Bölüm 10

22K 2K 345
                                    


Onur telefonu kulağına götürmüş açılmasını beklerken bir yandan salonda volta atıyordu. Neşe'yi gördüğünde eliyle cam kapıyı kapatmasını işaret etti.

- Anne?..

- ........

- Neşe'nin evine casus yerleştirdiğine inanamıyorum..

- .........

- Ha sırf boşta kaldı diye yani, bilgi sızdırmak için değil.. Ya bula bula Neşe'nin evini mi buldun?.. Üstelik  yalan söylüyor, bana 'hiç tanışmadık' dedi.

- .........

- Yirmi yıldır evimizde çalışan kadının kardeşini tanımayacağımı nasıl düşündün?

- .........

- Nasıl kendisini bile tanımam? Anne, esas sen beni hiç tanımamışsın.

- .........

- Sohbet etmek zorunda değilim ama herkesin kim olduğunu bilirim. Her neyse, asıl amacın neydi, sen onu söyle.

- .........

- Vakti gelince tanışırsınız anne. Bak sen bir şeyler çeviriyorsun, Ezgi'ye bakamıyorum demen de numara zaten, onun da farkındayım, yemin ediyorum alırım kızımı da, bir daha hiçbirimizi göremezsin.

- .........

- Tamam anne, telefonda daha fazla tartışmak istemiyorum. Kapatıyorum şimdi.

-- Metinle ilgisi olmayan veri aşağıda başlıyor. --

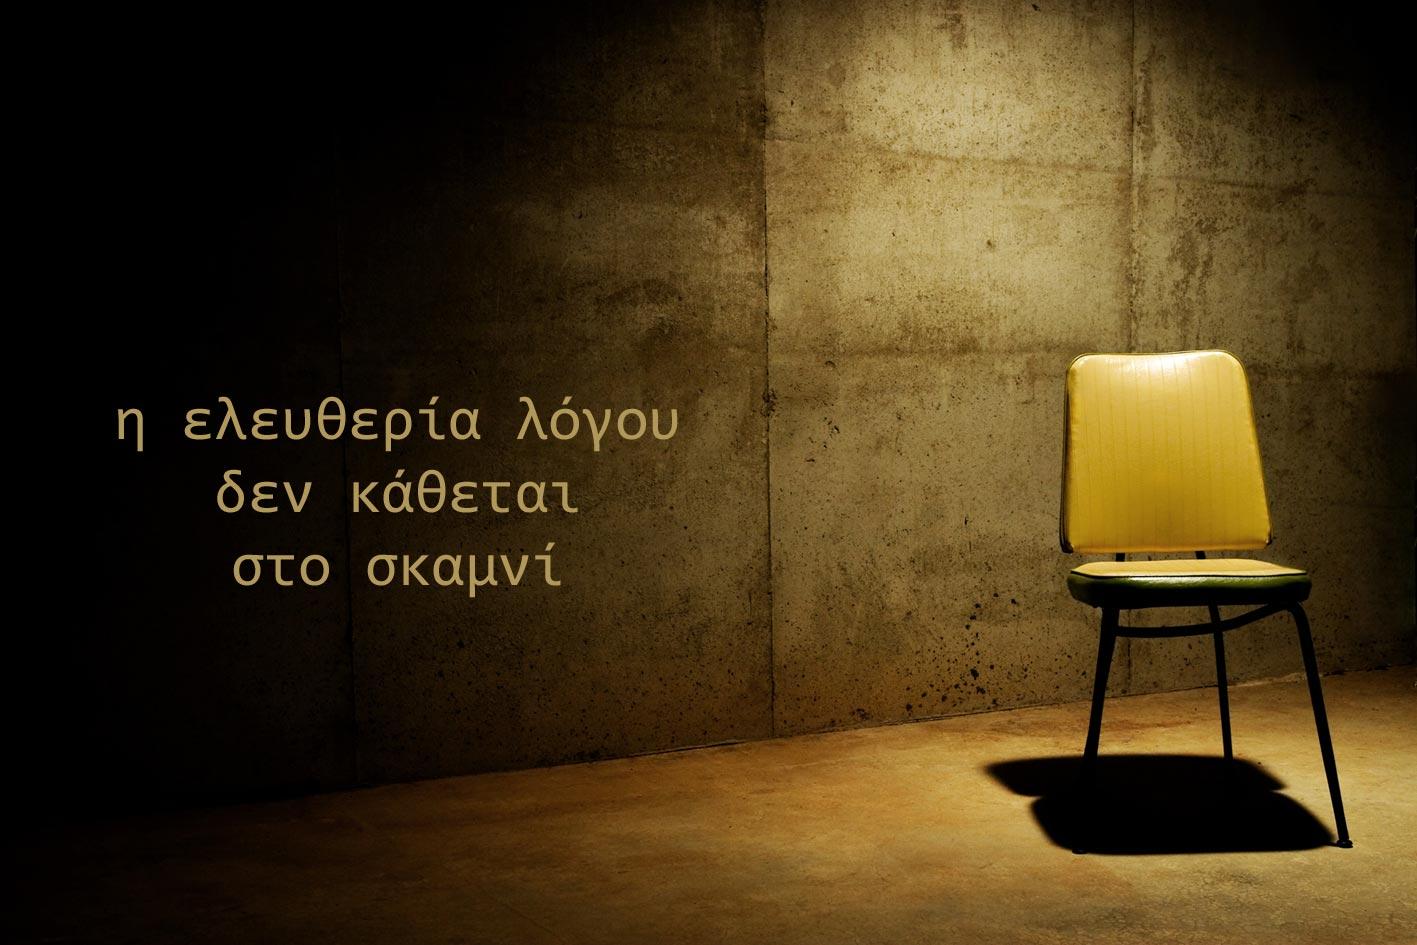 http://i2.wp.com/1.bp.blogspot.com/-STaE7nF1D8o/Uahcu-gcpRI/AAAAAAAAsfk/u6VwA7San3k/s1600/speechfreedom12.jpg?resize=559%2C373
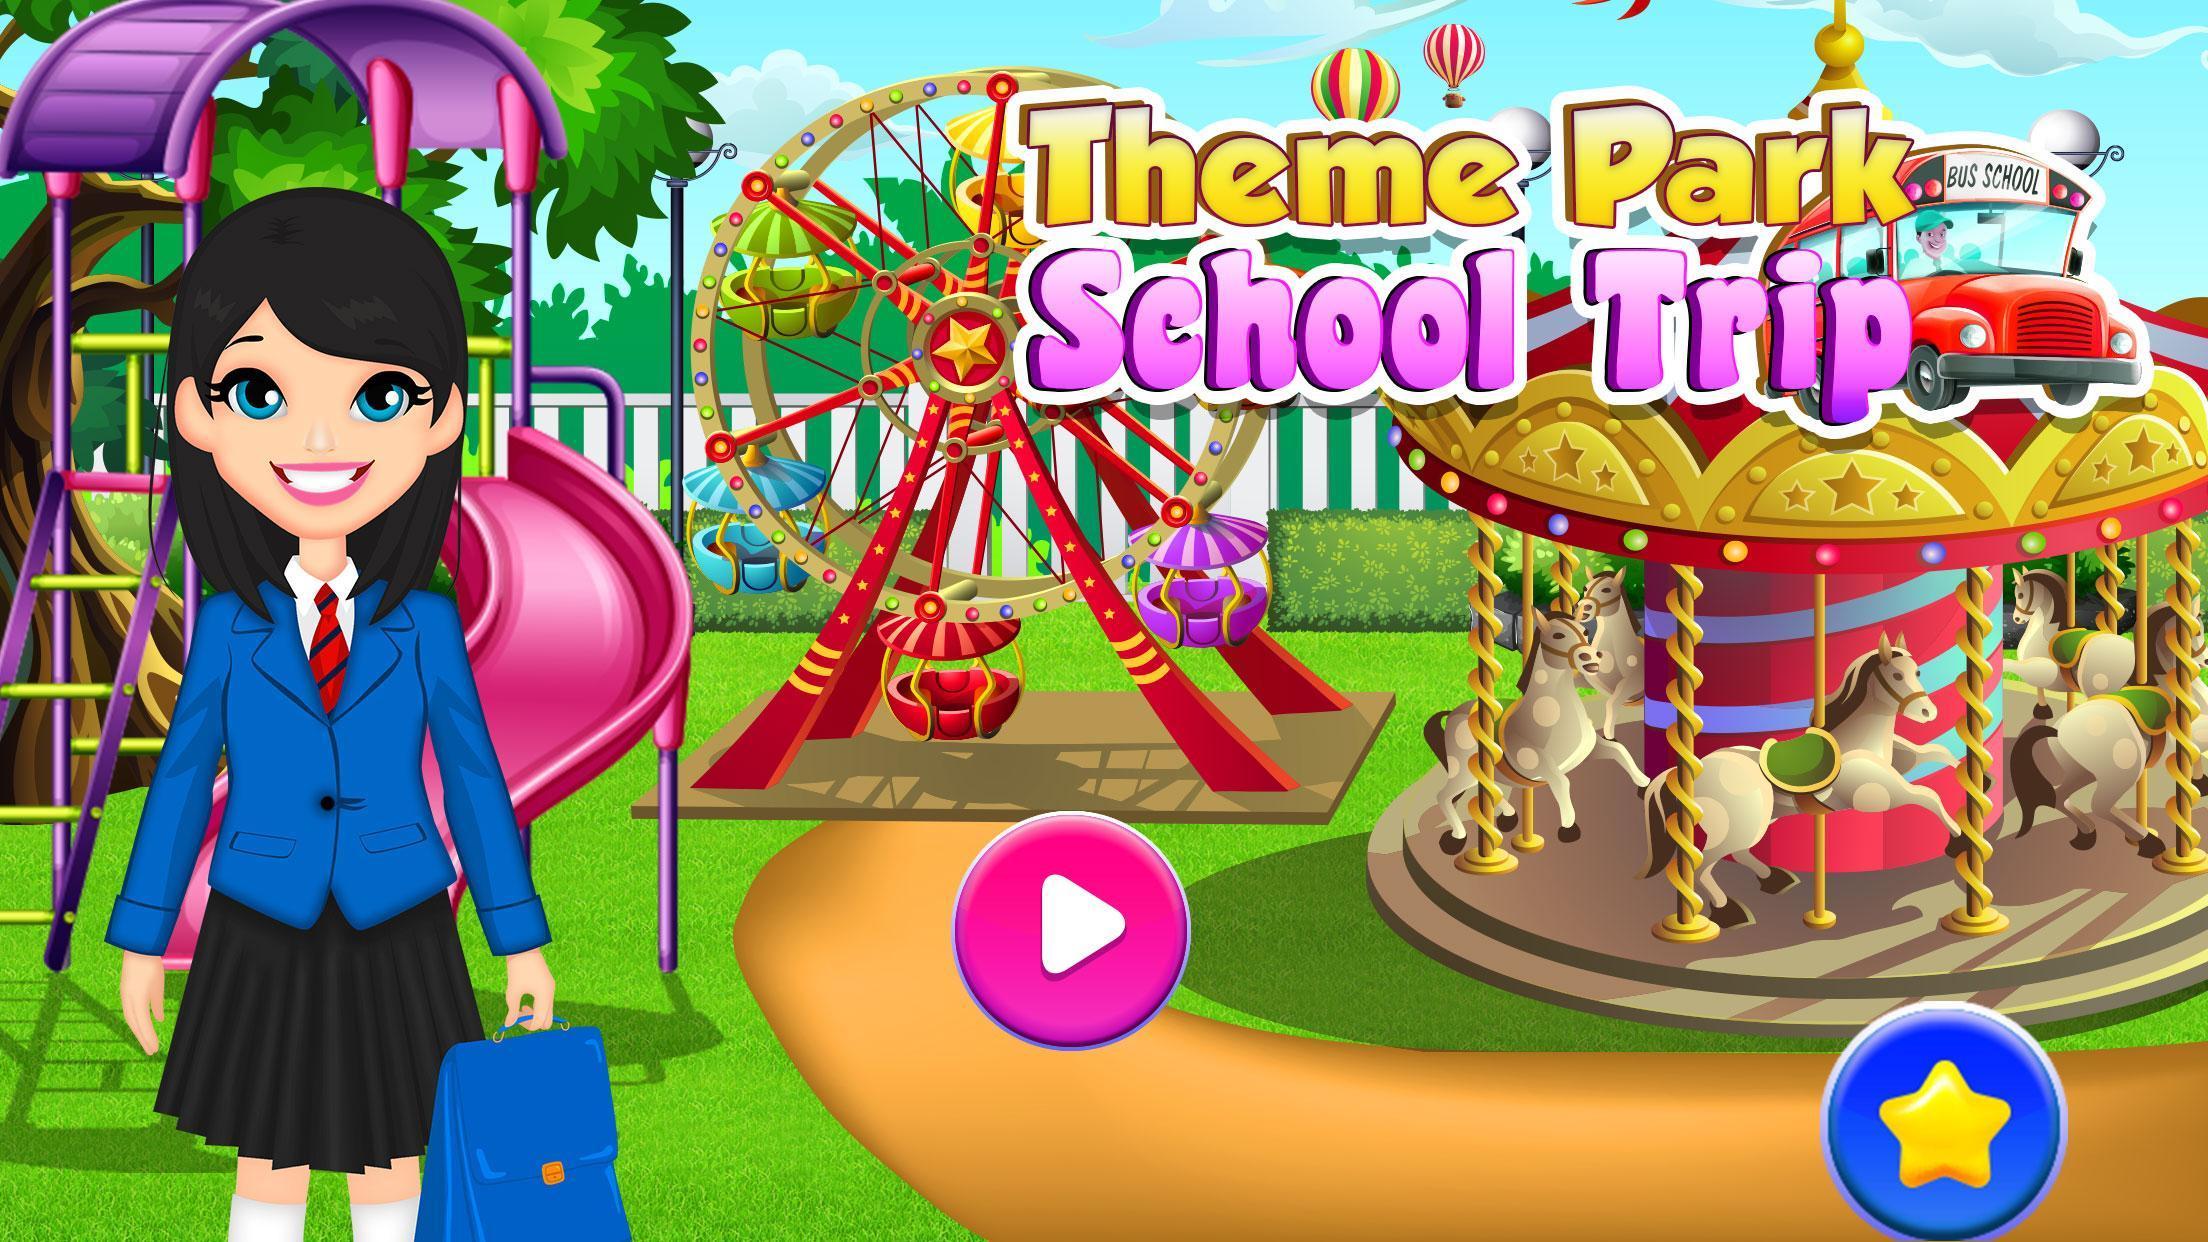 Theme Park School Trip Summer Picnic Adventure 1.0.5 Screenshot 1

Onur gerginlikle kanepeye çöktü. Duyduklarının şokunu atlatamamış olan Neşe de gidip yanına oturdu. İri iri açılmış ela gözleri şaşkınlıkla yüzüne bakarken, Onur'un buz katılığındaki ifadesi ister istemez çözüldü.

- Canım, çok üzgünüm, duyduğun gibi Nermin Hanım annemin emektar çalışanının kardeşi. Senin hakkında bilgi sızdırıyormuş. Annem bazen tuhaflaşabiliyor.

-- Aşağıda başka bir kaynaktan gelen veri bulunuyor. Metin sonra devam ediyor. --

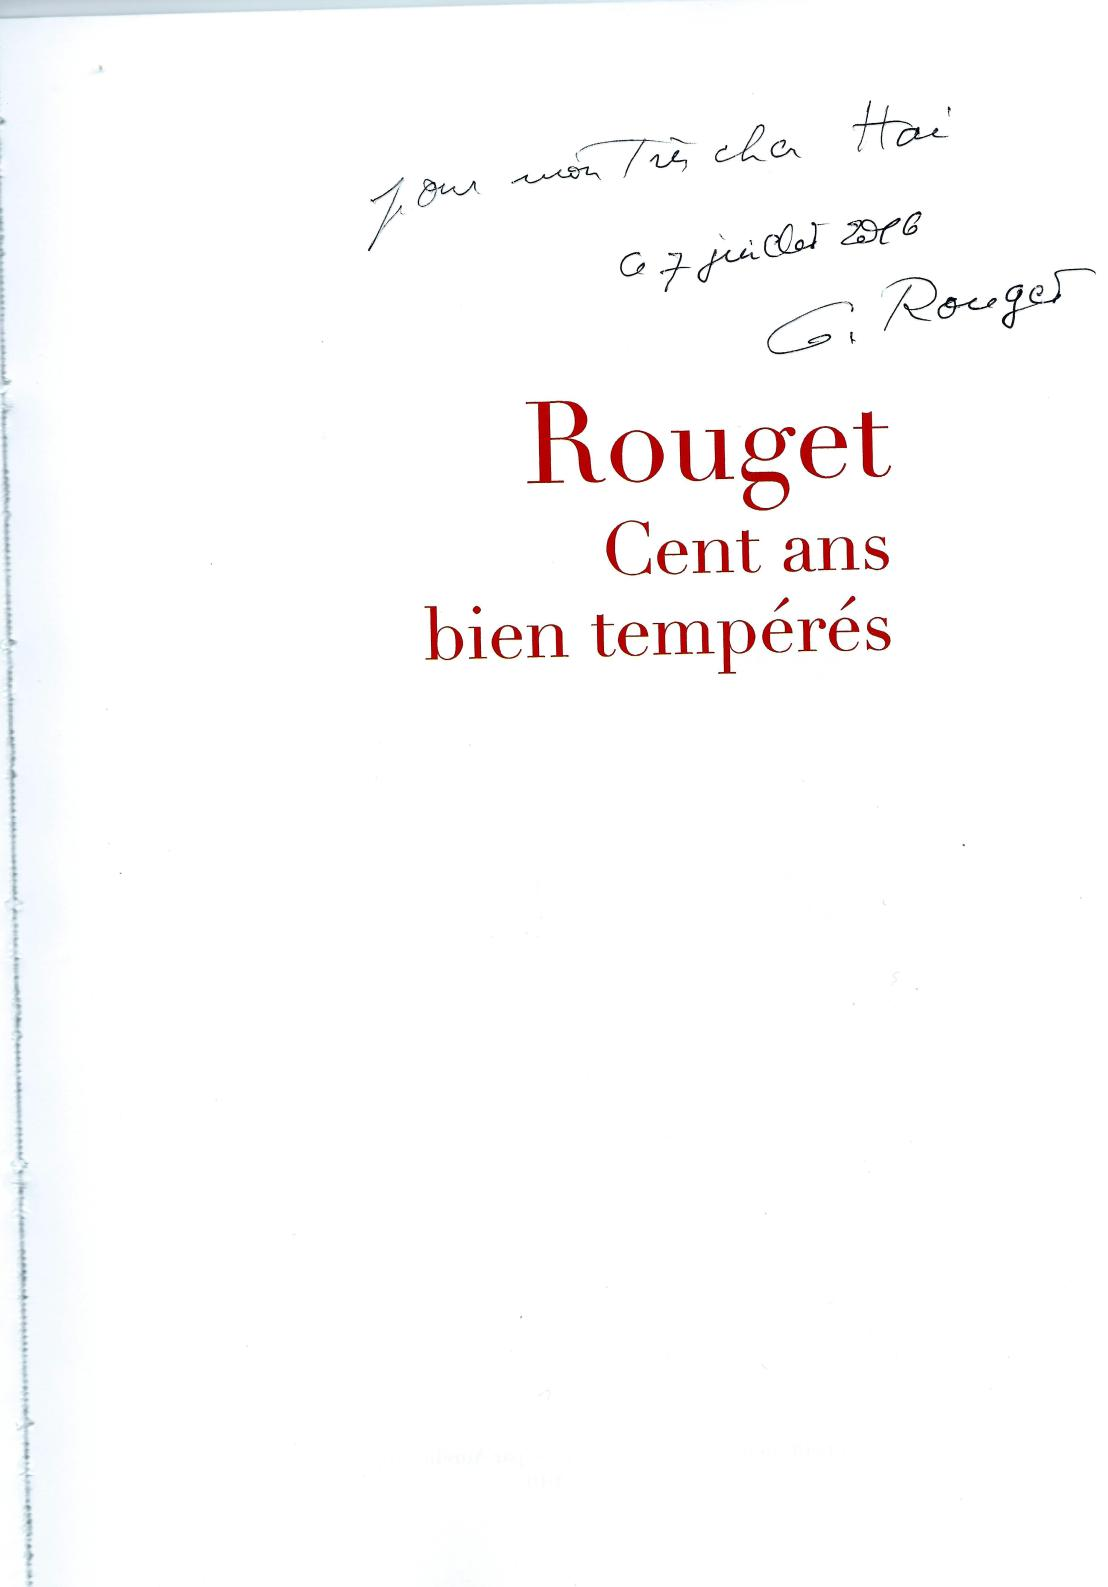 album 100 ans anniversaire G.Rouget 9.7.2016.jpg DEDICACE.jpg

- E ablası da geldi bize. Neriman değil mi adı?

- Ciddi misin? Ne zaman?

- Birkaç gün önce..

- Ben de Şile'de tatil yapıyoruz sanıyorum.. Annem gözümün önünde ne işler çeviriyormuş meğer..

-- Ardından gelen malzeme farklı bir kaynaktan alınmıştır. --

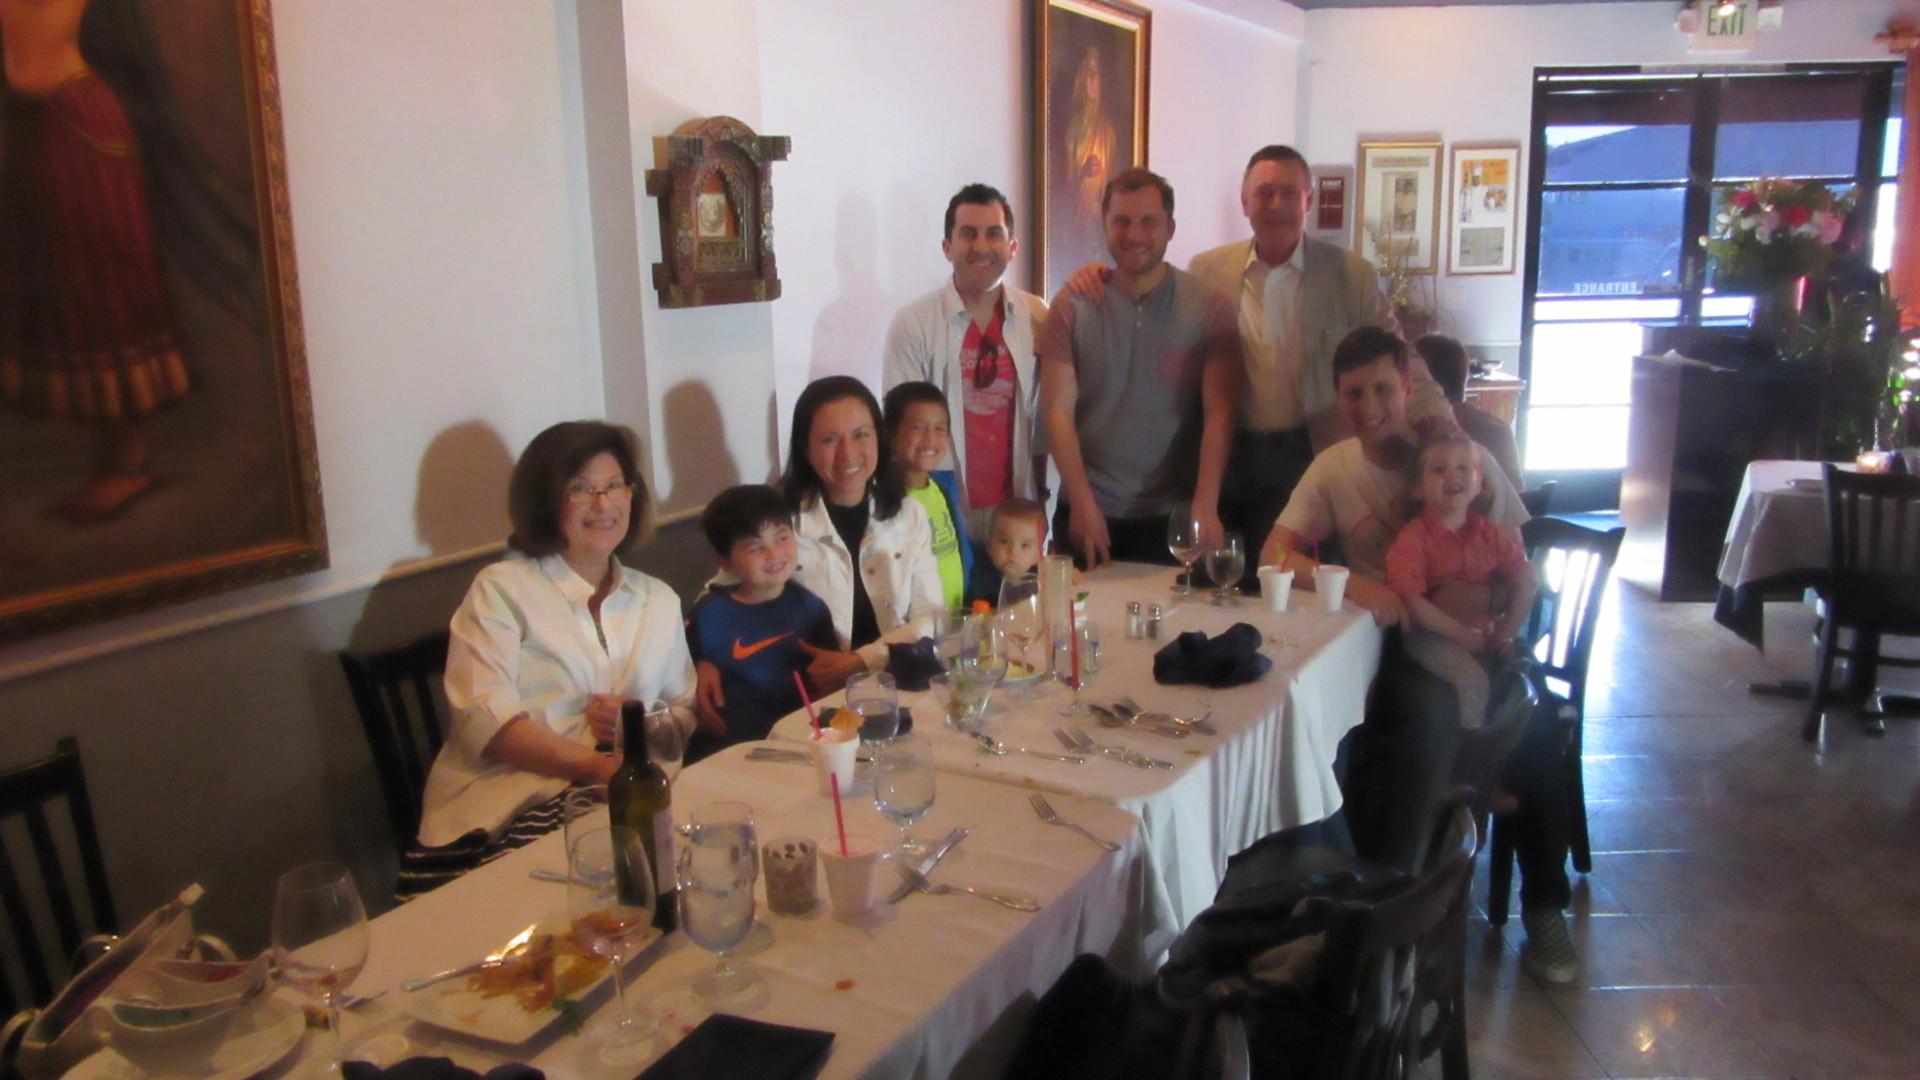 family photo IMG_2038.jpg

- Gülay, anne babanın doktor olduklarını söylemişti. Benimle uğraşmaya vakit ayırmasına şaşırdım. Planımızdan haberi vardı o zaman..

- Emekli olduklarından beri saracak bir şey bulamıyorlar. Ezgi onları epey oyalıyor ama bu güncel durum annemin hayatına yeni bir heyecan katmış olmalı. Babam bilmiyor ama anneme anlatmıştım. Ben çok büyük yanlış yaptım, keşke bıraksaydım da bizi gerçekten birlikte zannetseydi. Aramızdaki anlaşmadan hiç hoşlanmadı.

- Anlıyorum, haklı ama Onur.. Biz birbirimize iyi geleceğimize inanıyoruz ama annen elbette dayanağı sevgi olan gerçek bir evlilik yapmanı ister.

- İster ama dalavere çevirmesin Neşe.. Daha dün gece bana 'ben Ezgi'ye bakamıyorum artık, çok yoruldum diye tutturmasın mı? Resmen emrivaki.. Bunalıp kaçacaksın diye mi düşündü acaba?

Neşe küçük bir kahkaha attı. Genç kadının olgun ve anlayışlı halleri Onur'u öylesine sarıyordu ki..

- Yok canım.. Kaçsam Yeliz'den kaçardım. İkiz büyütmüş kadınım ben. Ama lafı geçti madem, ne yapmayı düşünüyorsun şimdi?

Onur yaslandığı kırlentlerden doğrulup dirseğini kızın omzuna çok yakın bir noktaya dayadı ve ciddileşti.

- Benim niyetim aslında dün geceden beri seninle bunu konuşmaktı. Benim dairem, bilirsin işte, alan geniş ama oda sayısı az. Ezgi, bakıcısı falan derken hepimiz için rahatsız bir ortam olacak. Bir de çocuk bütün gün beton yığınının içinde kapalı mı kalsın?